* **Collected data**
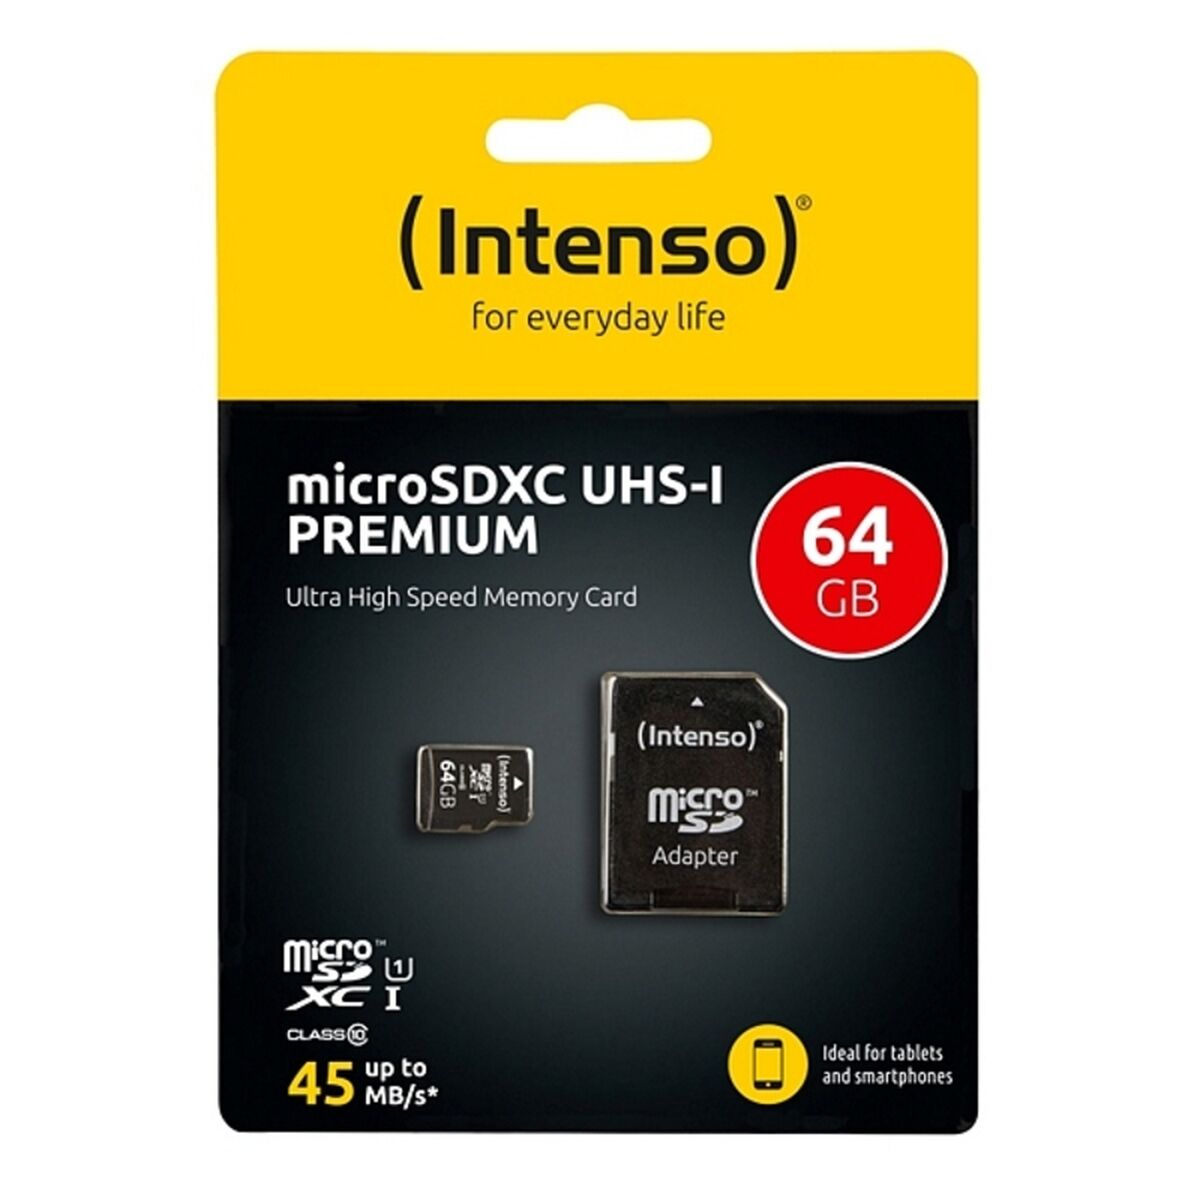 INTENSO 3423491 MICRO GB, 128GB UHS-1 Micro-SDXC MB/s Speicherkarte, 45 PREMIUM, SDXC 128
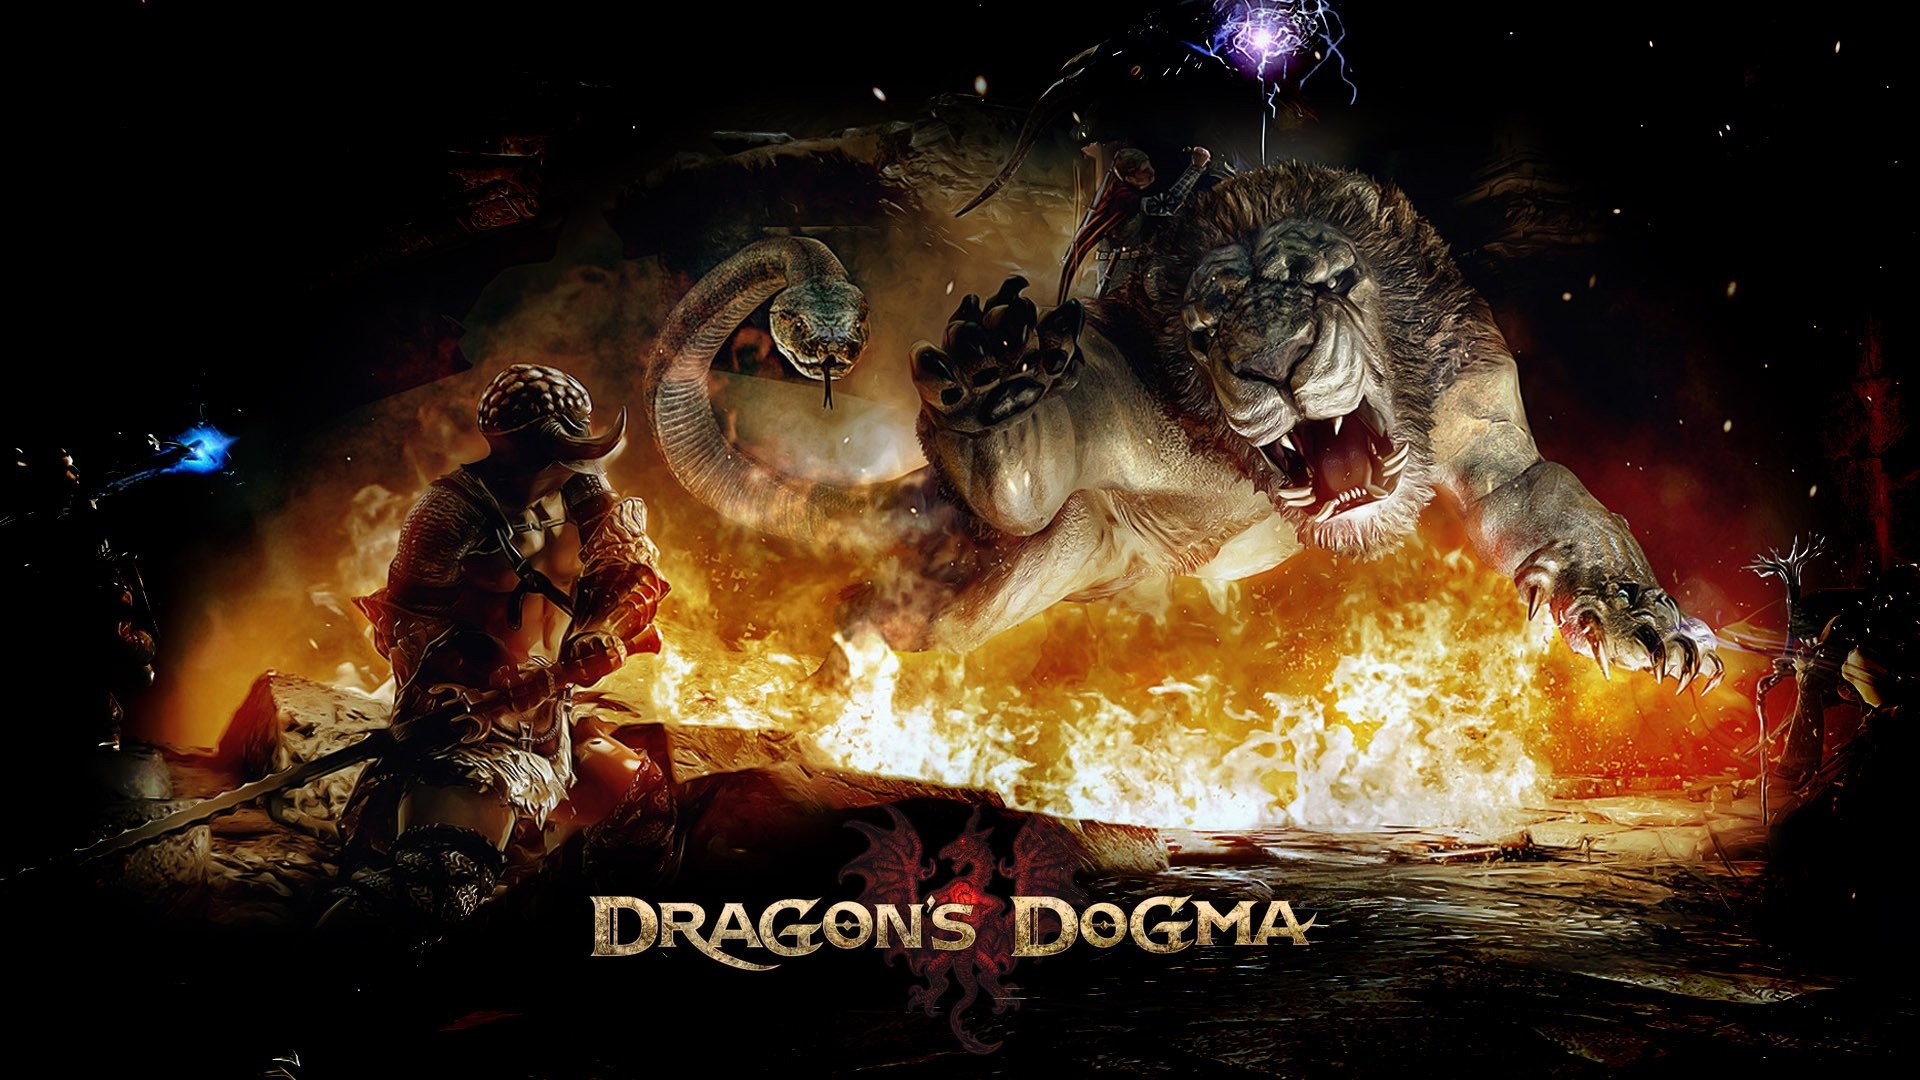 Dragons Dogma Netflix 2021 Wallpapers
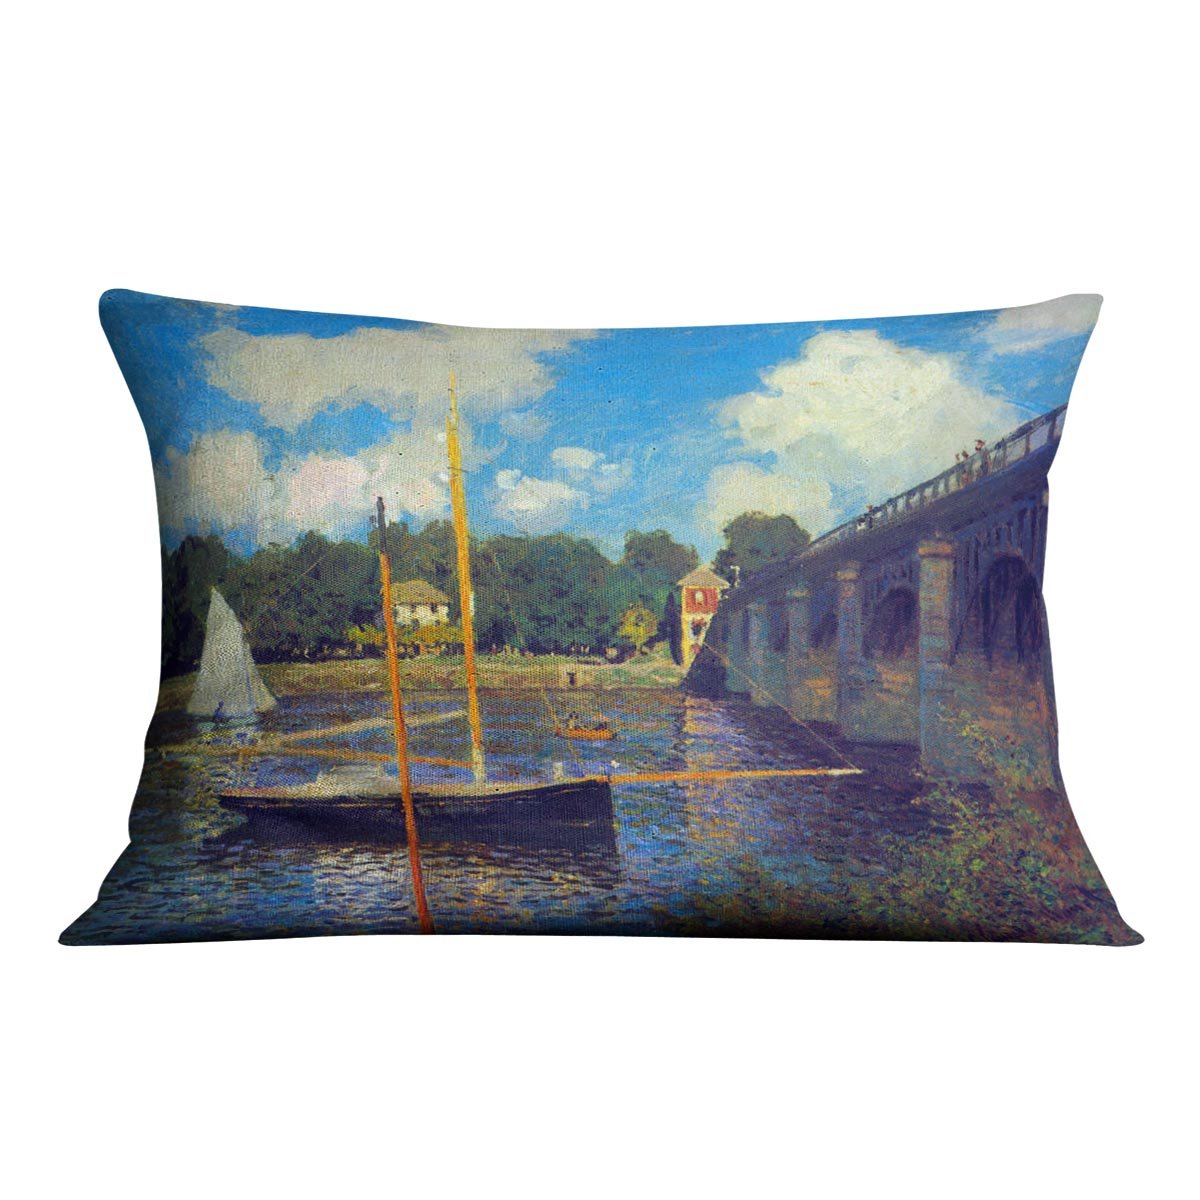 The road bridge Argenteuil by Monet Throw Pillow
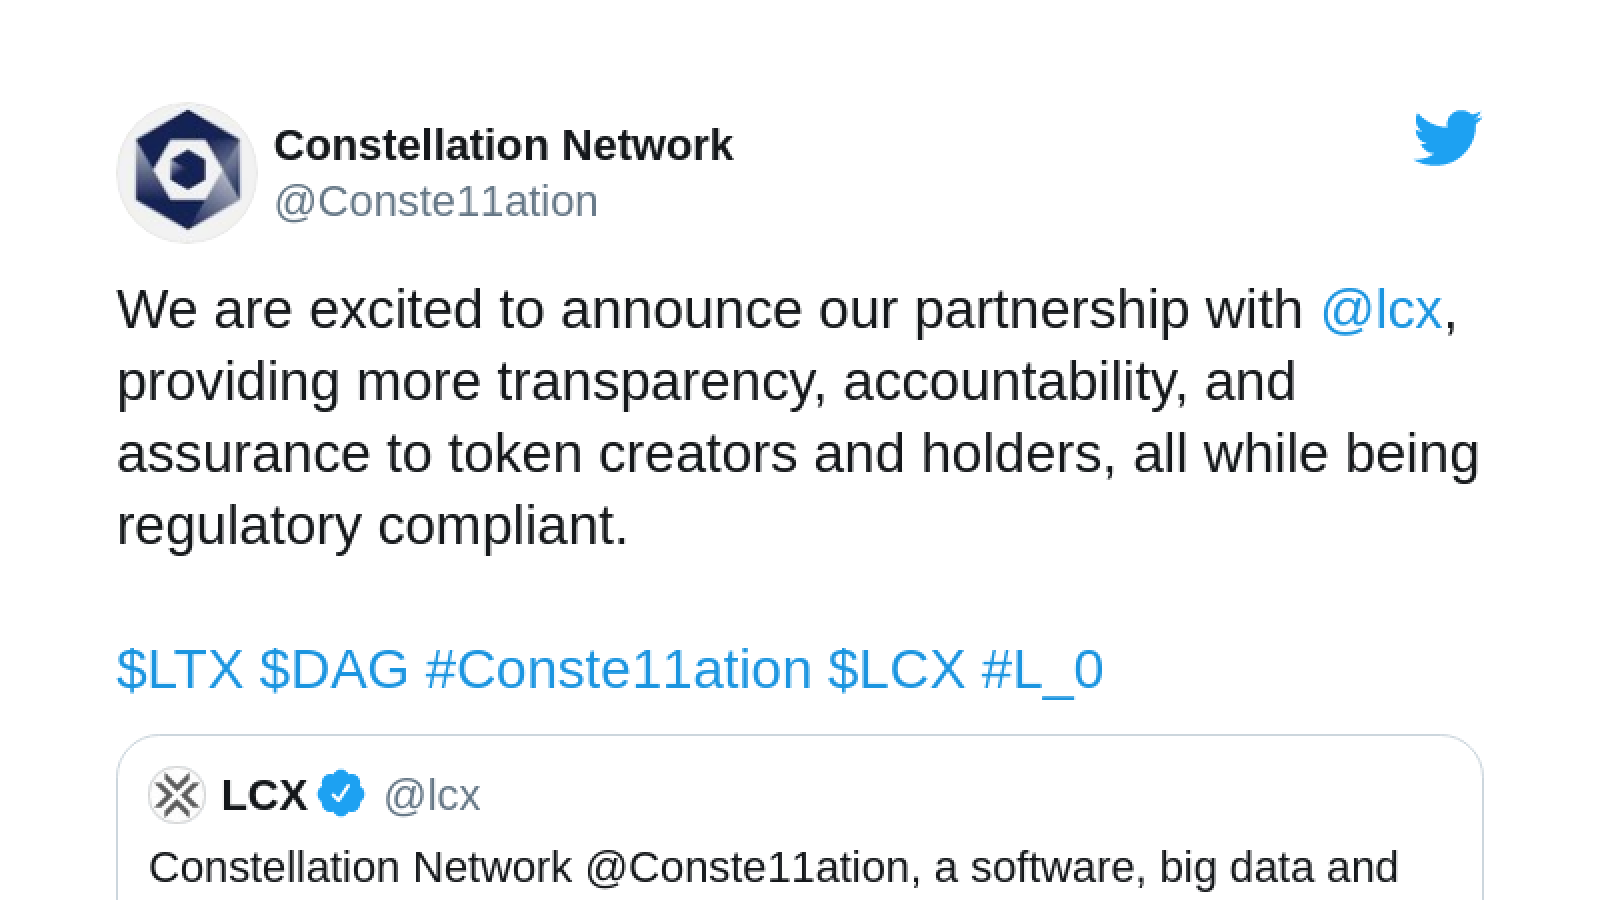 Constellation Network partners LSX

* **Required work**
What you give back must be the data above, reproduced exactly and free of pictures.

* **Response area**
 INTENSO 3423491 MICRO GB, 128GB UHS-1 Micro-SDXC MB/s Speicherkarte, 45 PREMIUM, SDXC 128
 Dragons Dogma Netflix 2021 Wallpapers
 The road bridge Argenteuil by Monet Throw Pillow
 Constellation Network partners LSX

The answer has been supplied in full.